Crypto moves into exchange control framework

As noted by ENS on the Lexology site, National Treasury’s draft Capital Flow Management Regulations, 2026 represent a material shift in how crypto assets will be treated in South Africa. The proposals move crypto firmly into the exchange control framework by classifying it as ‘capital’ rather than currency, bringing it within the broader regime governing the movement of value across borders. This aligns with the global trend of tightening oversight on digital assets but goes further in attempting to integrate crypto into a traditional exchange control system that has historically focused on fiat flows.

A key feature of the draft regulations is the introduction of a new category of authorised crypto asset service providers, which would sit at the centre of higher-value transactions and effectively act as gatekeepers for the movement of crypto assets.
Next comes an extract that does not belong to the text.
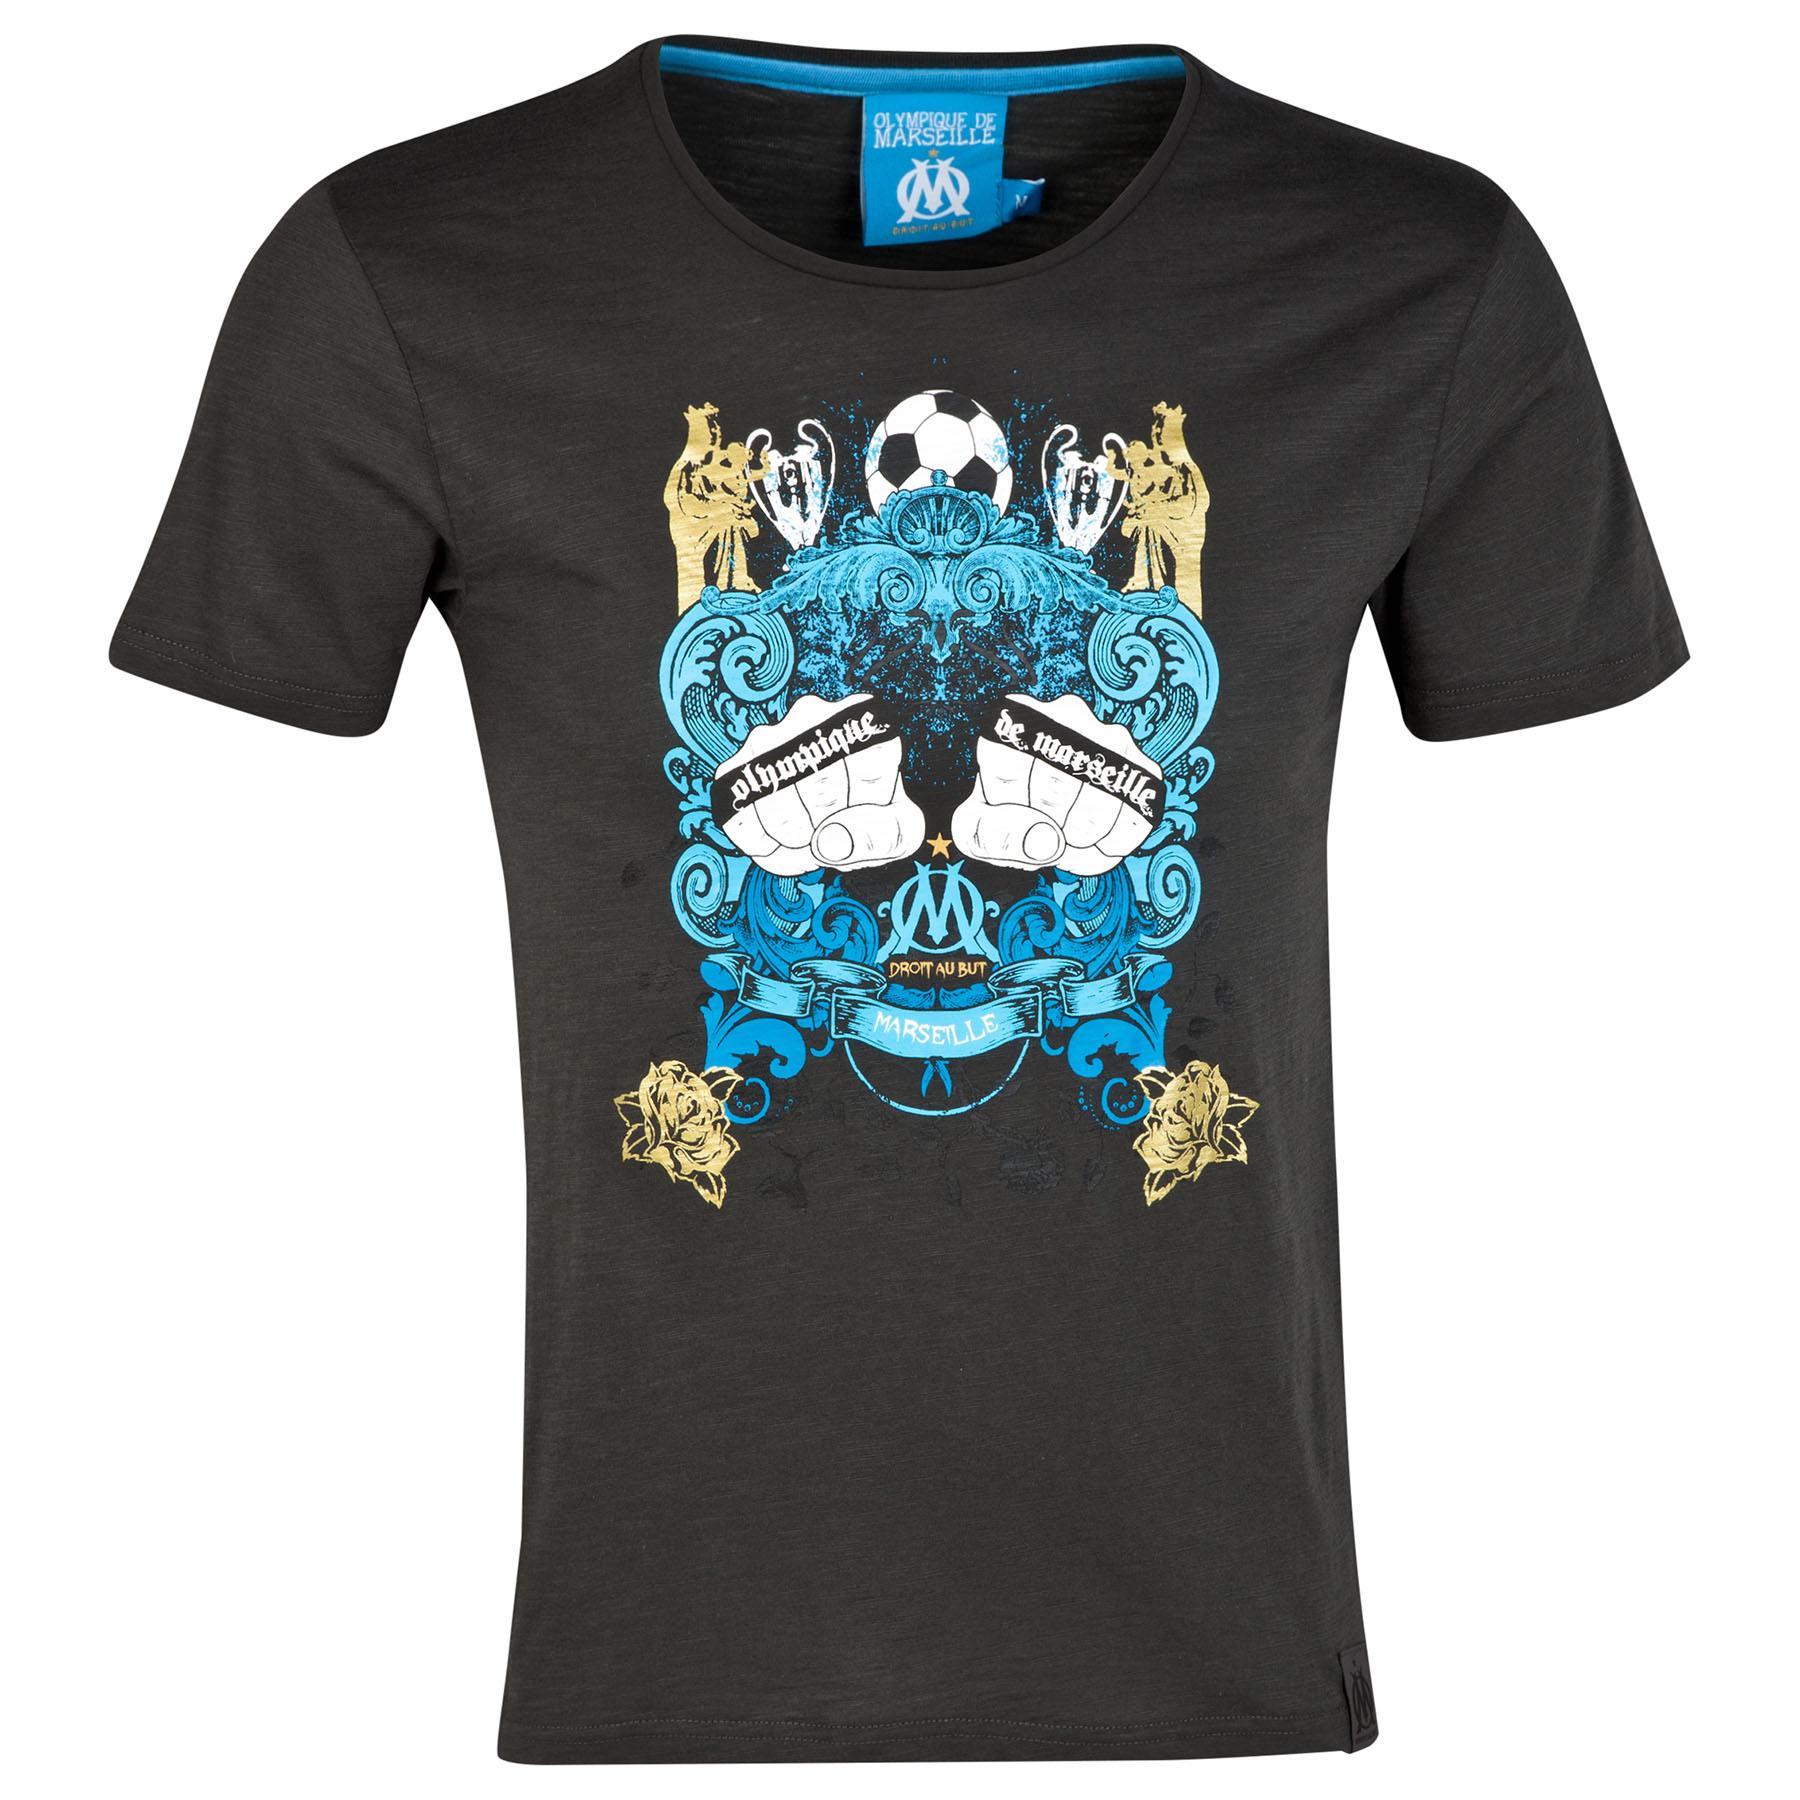 Olympique de Marseille Knuckle Graphic T-Shirt - Black - Mens

Transactions above prescribed thresholds may be restricted to these authorised entities, with requirements for supporting documentation and regulatory approval. Importantly, the current drafting does not limit these controls to cross-border activity, suggesting that even domestic transactions could fall within scope depending on how thresholds are set. This introduces a level of oversight that is far more intrusive than current market expectations.

The proposed framework also introduces explicit controls over the cross-border movement of crypto assets. Transfers to non-residents, or the export of crypto value from South Africa, would require approval from National Treasury or an authorised party. In addition, the regulations contemplate enforcement mechanisms such as declarations, document production, search and seizure, and potential forfeiture where transactions are suspected to contravene the rules. These provisions mirror traditional exchange control tools but are being extended into a digital asset environment where concepts such as possession and control are less straightforward.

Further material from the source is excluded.